On 12/15/18, Dave Richards
I have not read the ukernel code, but I would imagine that most of the code needed to launch the multiple servers already exists, i.e. it is necessary to launch the root server. It may require re-factoring, of course. Right?
It solves another immediate problem for me. I can develop the various servers without working on device drivers, I/O subsystem, ELF loader, etc.
Yes, there's code to launch the root server, but it's not particularly general, and is just enough to set up the state for the root server's initial thread. It would probably be non-trivial to make it general enough to load multiple servers.

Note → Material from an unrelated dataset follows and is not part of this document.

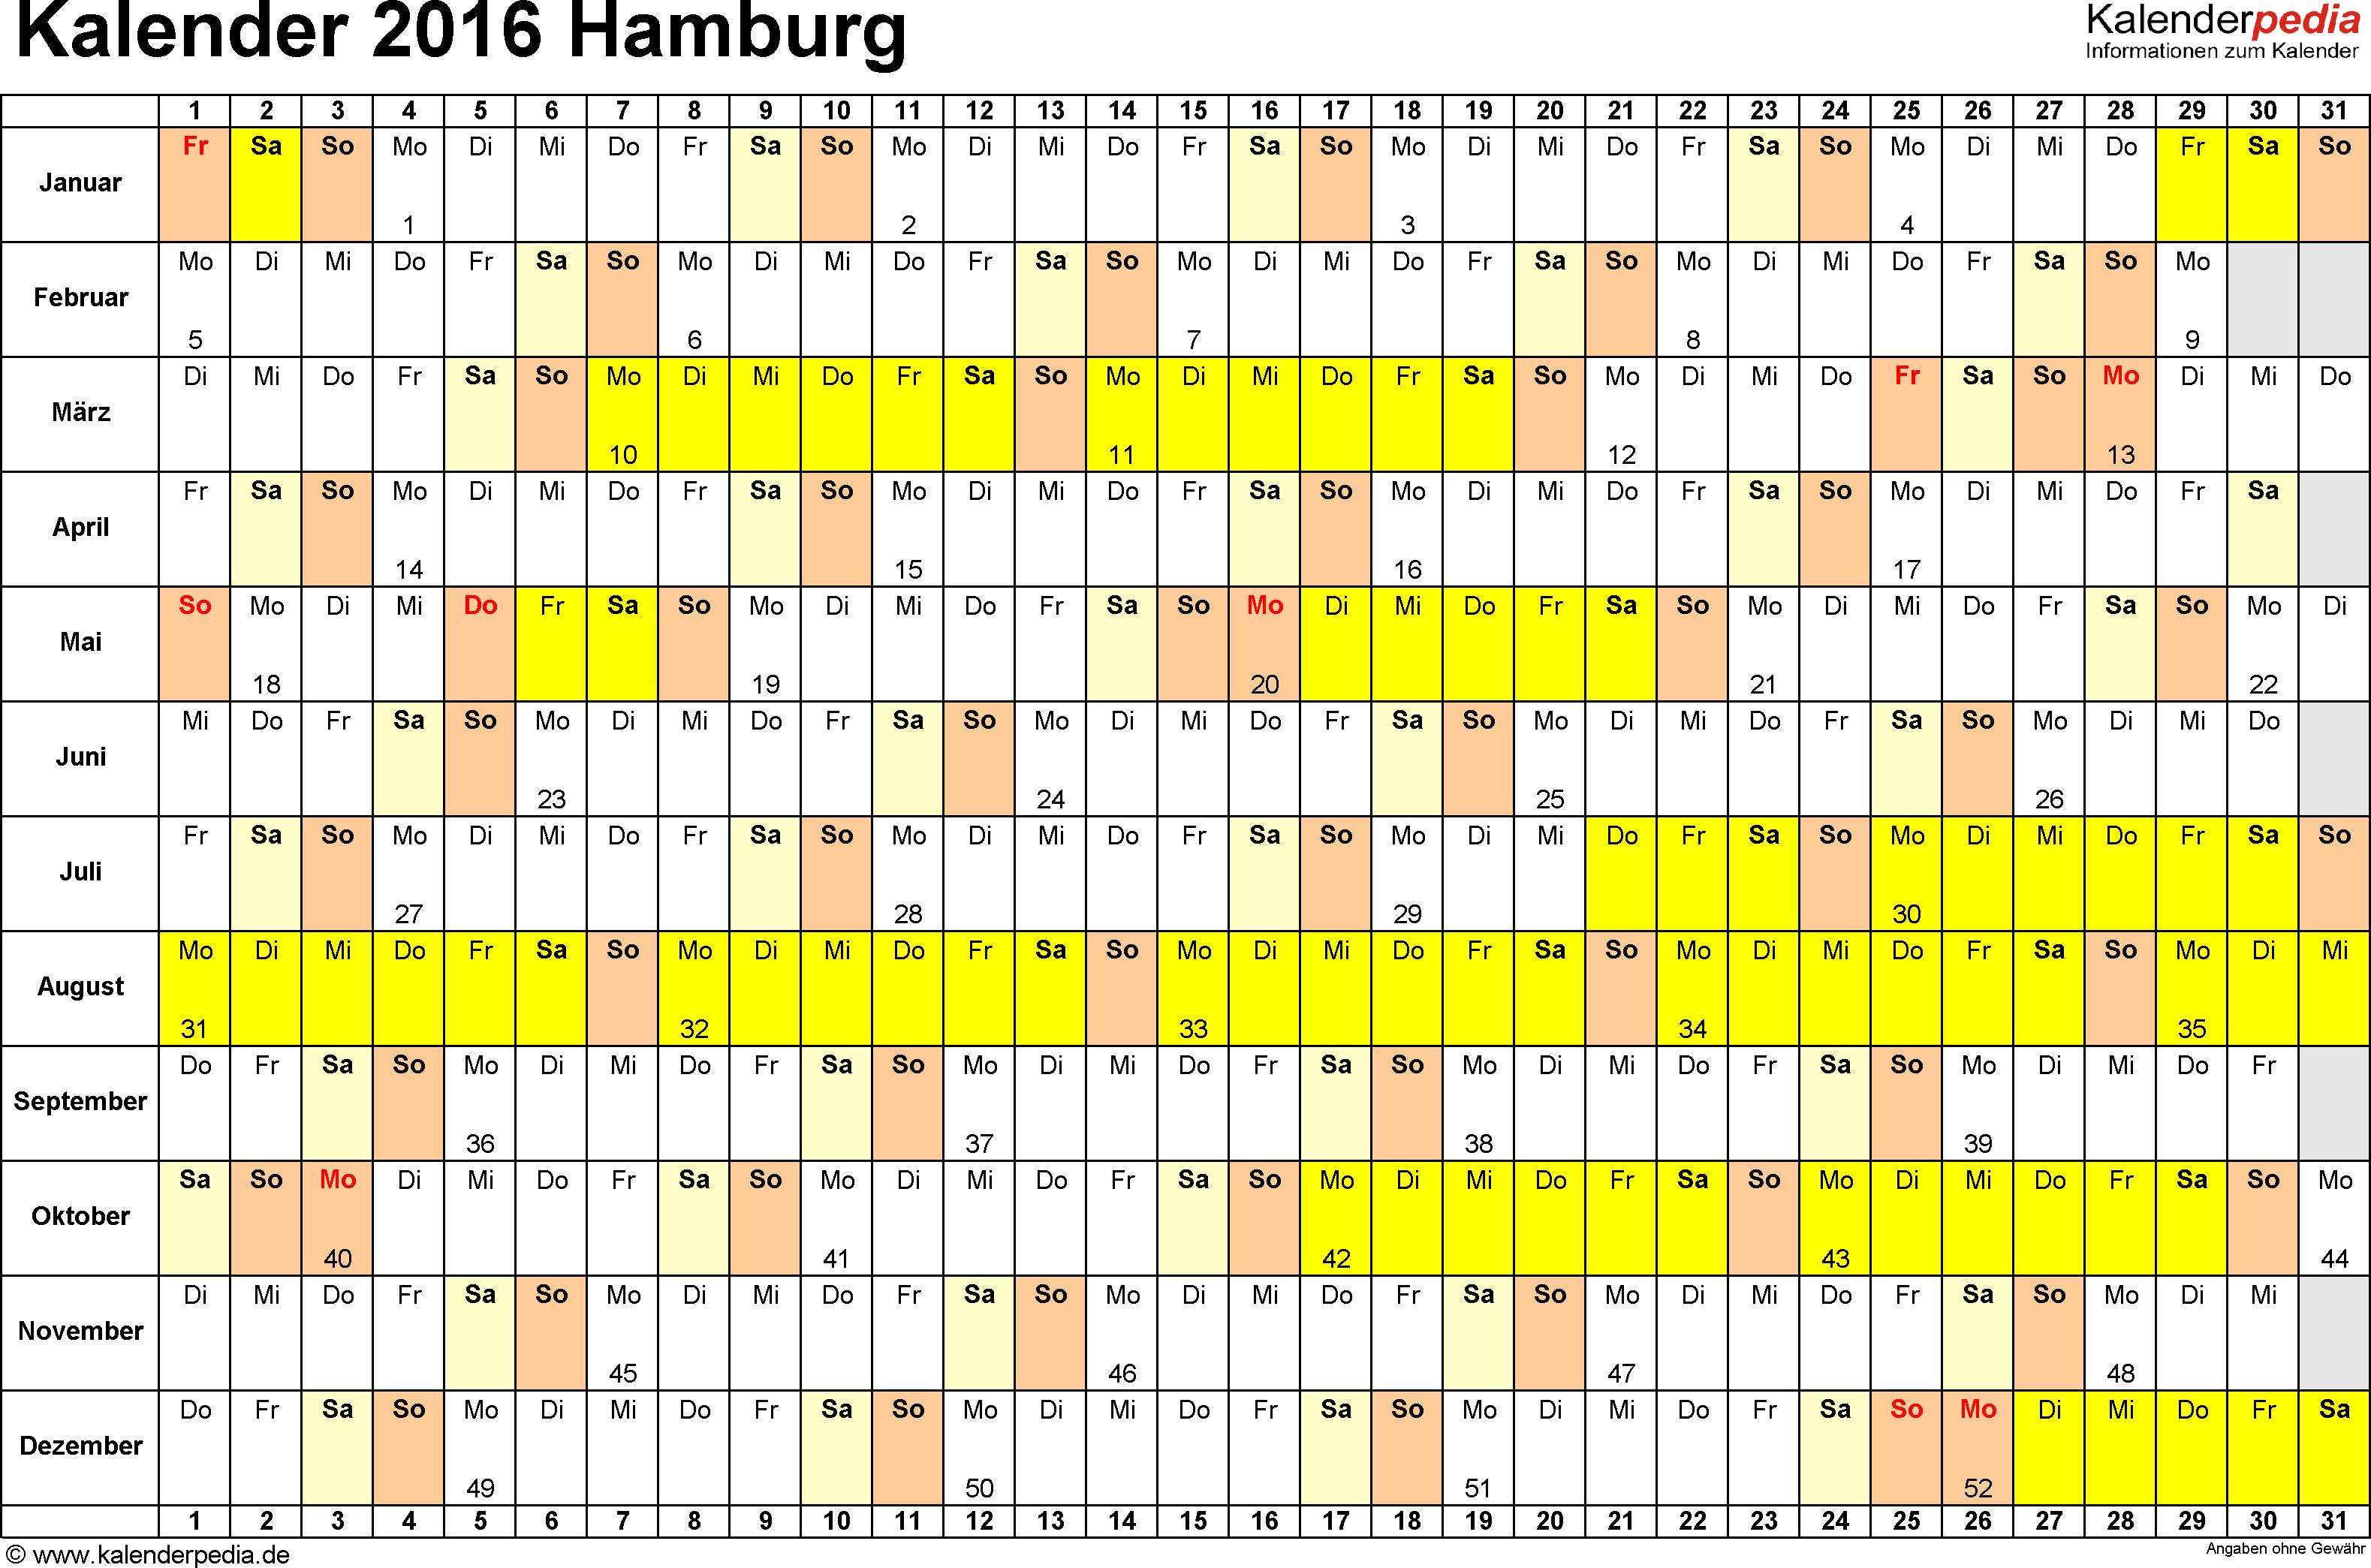 Vorlage 3: Kalender Hamburg 2016 im Querformat, Tage nebeneinander

Personally I don't think that the kernel should be setting up state for multiple servers though. I'd say that it should leave it up to the root server (my chain-loader's ELF preloading code would make that relatively easy to do from a root server without an ELF loader built in. although UX/RT's root server will just use its own built-in loader since it will treat modules as files rather than processes, and will only start /sbin/init directly, with init starting all other processes; I think a microkernel OS should have as few "special" servers as possible).
As for the OS architecture, I imagine many approaches are possible depending on the goals of the designer. The nice thing about seL4 is that it doesn't dictate any single approach.
What kind of OS are you trying to write? UX/RT is going to be a QNX-like OS with some concepts from Plan 9 thrown in, as well as a high degree of Linux compatibility.